Before jumping into the CLT, let's quickly review another critical concept. First, what is a random variable? More formally, a random variable \(X\) is a mapping defined on some sample space \(\Omega\) to \(\mathbb{R}\). More simply, it's a value that we assign to some event from an underlying probability distribution. For example, a random variable could represent something as simple as flipping a coin and getting heads (0) or tails (1), or something relatively more complex like sampling the net extensor moment at the knee from people performing back squats.
Now, let's outline what the CLT is a bit more rigorously. I was inspired to go through this exercise and write this blog post due to Nassim Taleb's recent video where he explains the CLT quite succinctly:
Let me summarise his points below for those who don't want to watch the entire video. Let's say we have some random variables \(X_1, X_2, \dots , X_n \) drawn from the same distribution.

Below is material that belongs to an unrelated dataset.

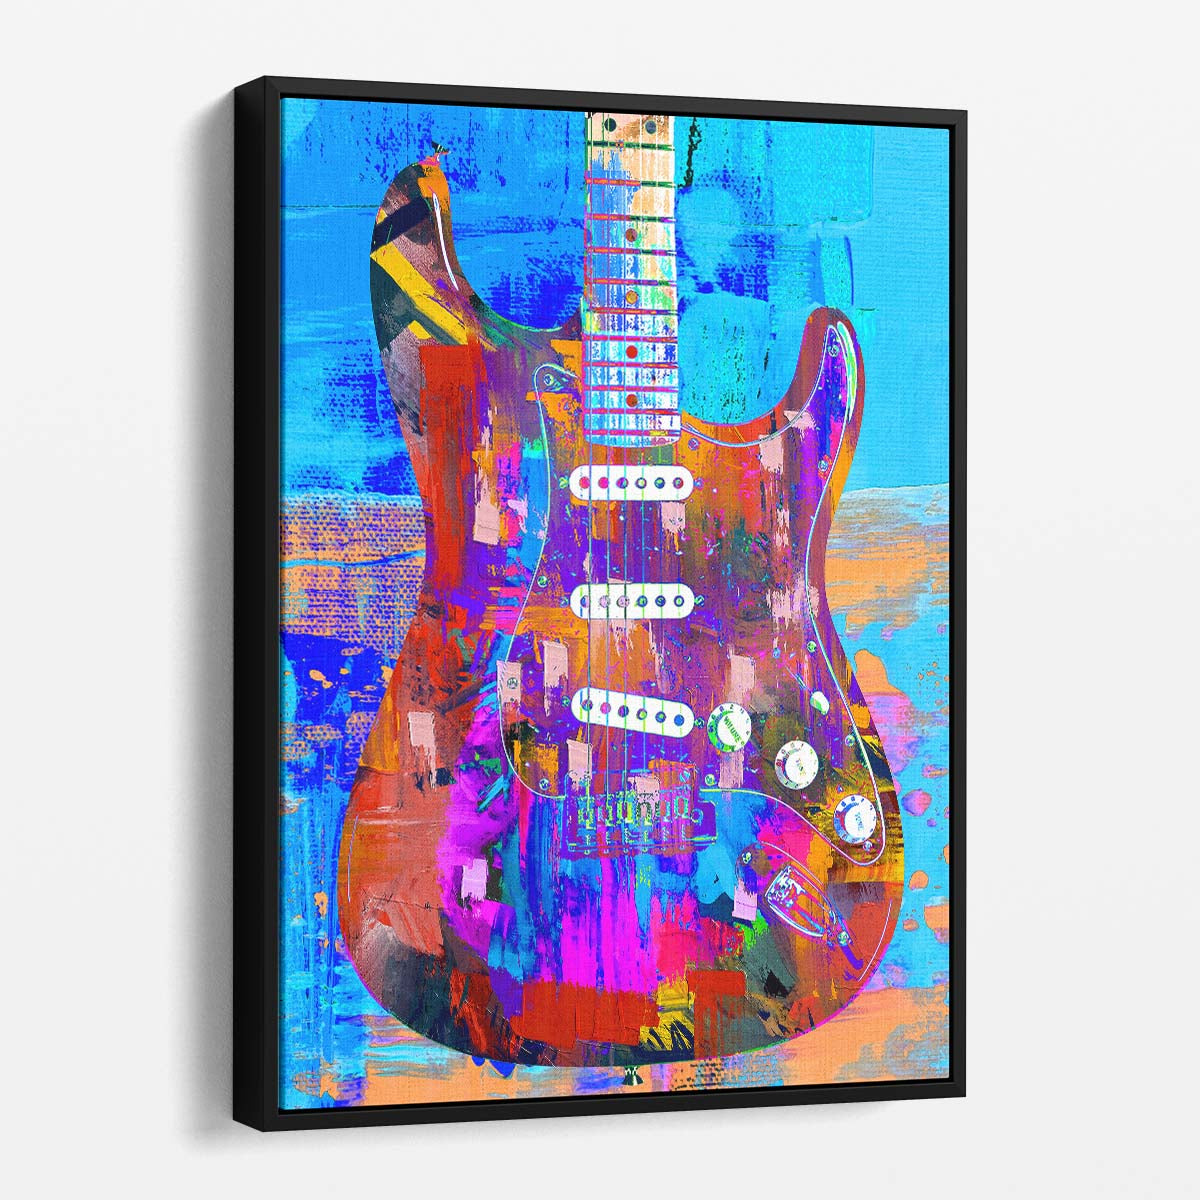 Painted Stratocaster Electric Guitar Wall Art by Luxuriance Designs. Made in USA.

If each observation has finite variance, then the sum, and thus the mean, of these variables becomes stable as \(N\) becomes large. This "stable" mean refers to the convergence to a Gaussian (normal) distribution (if the observations did not have finite variance, the sums would converge to a different distribution, but that's beyond the scope of this article). Another way to phrase this is that, if we were to sample from a distribution randomly, the difference between the distribution of means of each random sample and a standard normal distribution would go to zero as the number of samples goes to infinity. This description is how the following StatQuest video presents the CLT:
The critical realization is that this theorem holds under summation of random variables \(X_1, X_2, \dots , X_n \) and not just with the sample means \(\bar{X}_n\). This property of the CLT is what Taleb is referring to and what we will leverage for this exercise for simplicity (however, you could easily adjust the code I've written to "replicate" the StatQuest video).
In the next section, I'll define random variables sampled from a variety of distributions. Then, I'll sum them so we can watch the distributions start to converge (or not) to a normal distribution. It sounds boring, but seeing this in action is super helpful for understanding why the CLT allows us to treat different underlying distributions as normal distributions so long as we have enough samples.
The CLT in action
Python code
I've included Python code in the following sections so you can work through or even modify the figures below. First, you'll need to import the libraries:
import numpy as np
import matplotlib.pyplot as plt
import seaborn as sns
from scipy import stats
Next, the following functions will allow us to create random variables from different distributions, sum them, and cleanly plot them:
def create_random_variables(distribution, n):
d = {}
for i in range(n):
if distribution == 'uniform':
d["var{0}".format(i)] = np.random.randint(low=1, high=10, size=10**4)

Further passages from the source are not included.